Since it would be preferable to know who wins, and how, what I actually implemented is a little more complicated, and a full solution is returned in each case.

1. If the player wins, then the solution is a list of 7 "magic landing spots", one for each possible supplied piece. A magic landing spot need not immediately create a line. It may be part of a strategy to force a line later.
2. If the AI wins, then the solution is simply the identity of a single "killer piece". A killer piece need not immediately result in a player loss. It may be part of a strategy to force a player loss later.

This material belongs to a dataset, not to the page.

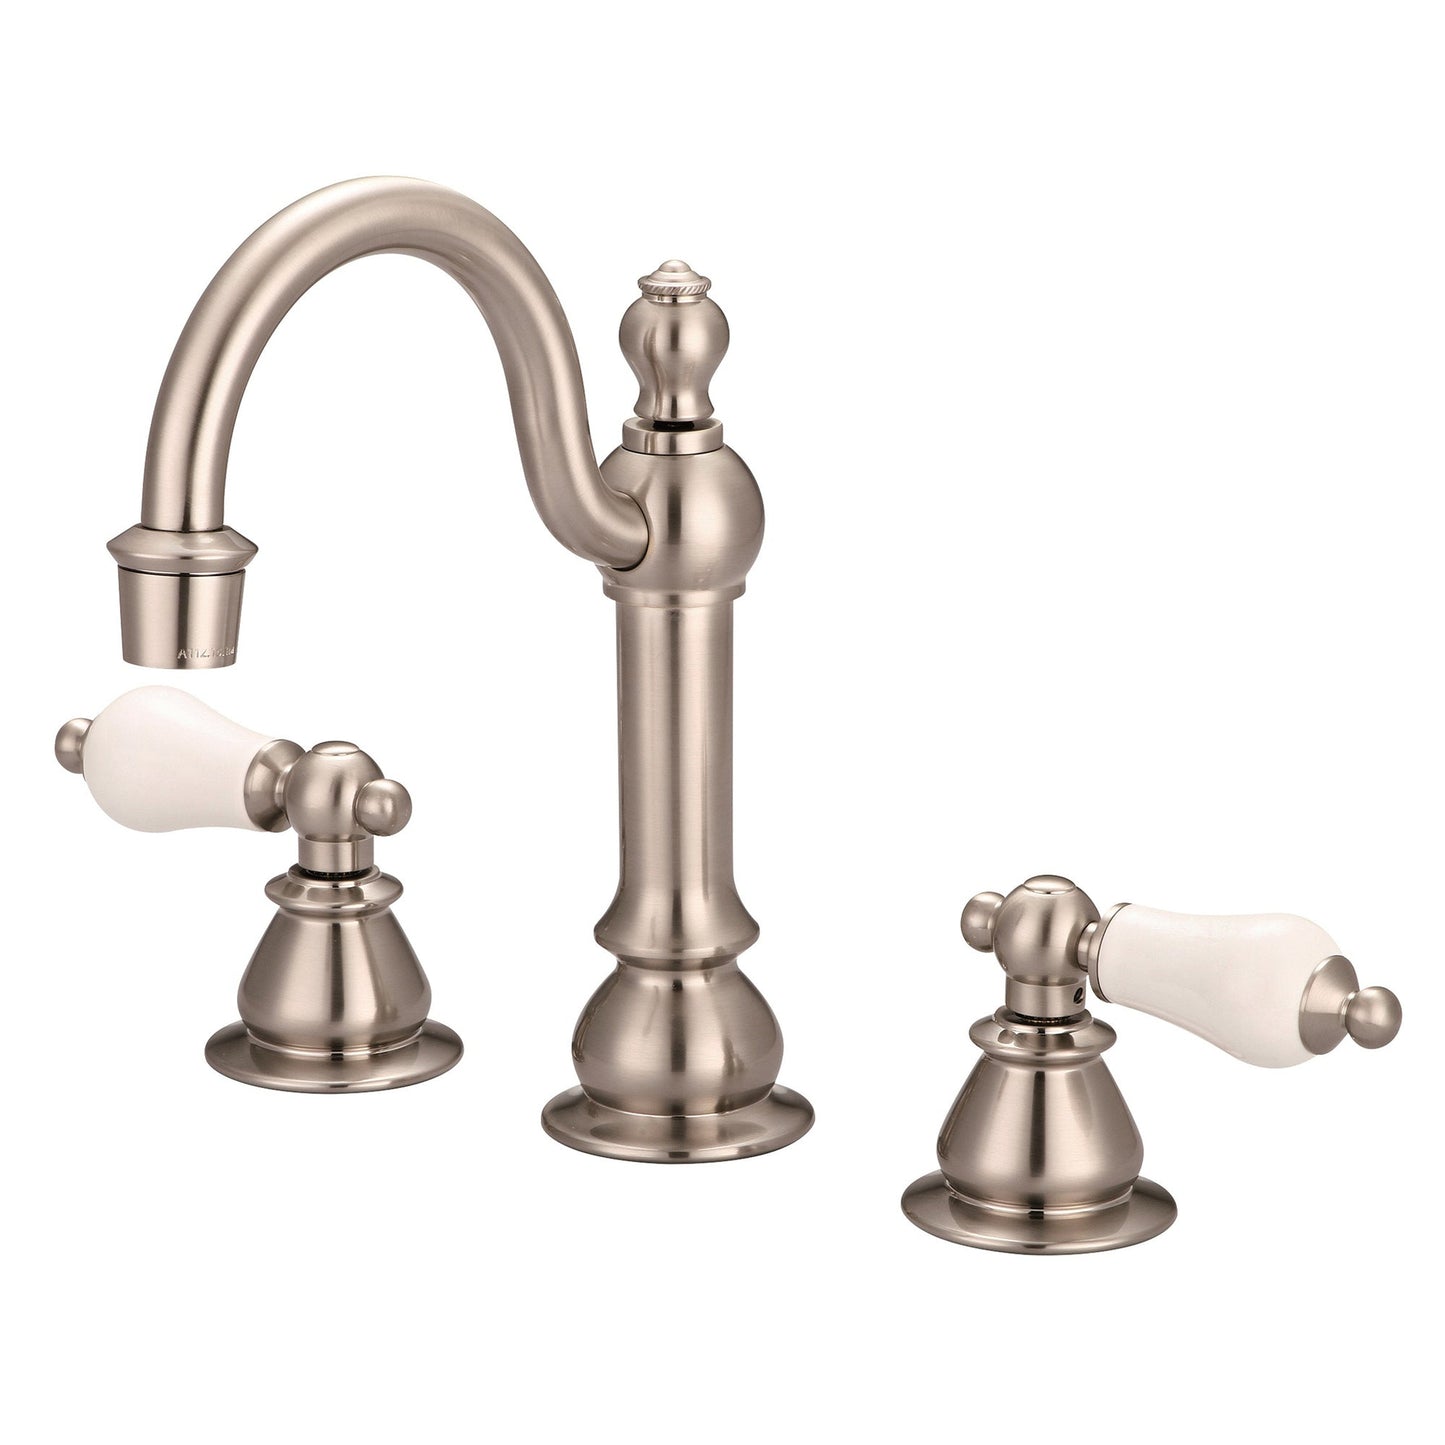 Water Creation American 20th Century Classic Widespread Lavatory F2-0012 8" Grey Solid Brass Faucet With Pop-Up Drain And Porcelain Lever Handles

The major optimisation breakthrough I made when planning this program was to observe that when you consider all 7 possible pieces in all 19 possible orientations, from left to right and top to bottom in the well, there are only approximately 4000 possible states which pieces can occupy during the course of any given game. These states form a network or directed graph, joined by edges representing player input. Starting from the original spawning state, pressing Left leads to one state, Right leads to another, as do Down and Rotate. If the wall is in the way, it is possible that pressing any given key will not move the piece, resulting in an edge leading from a state back to itself. There are in fact 7 disconnected graphs of states, one for each possible piece.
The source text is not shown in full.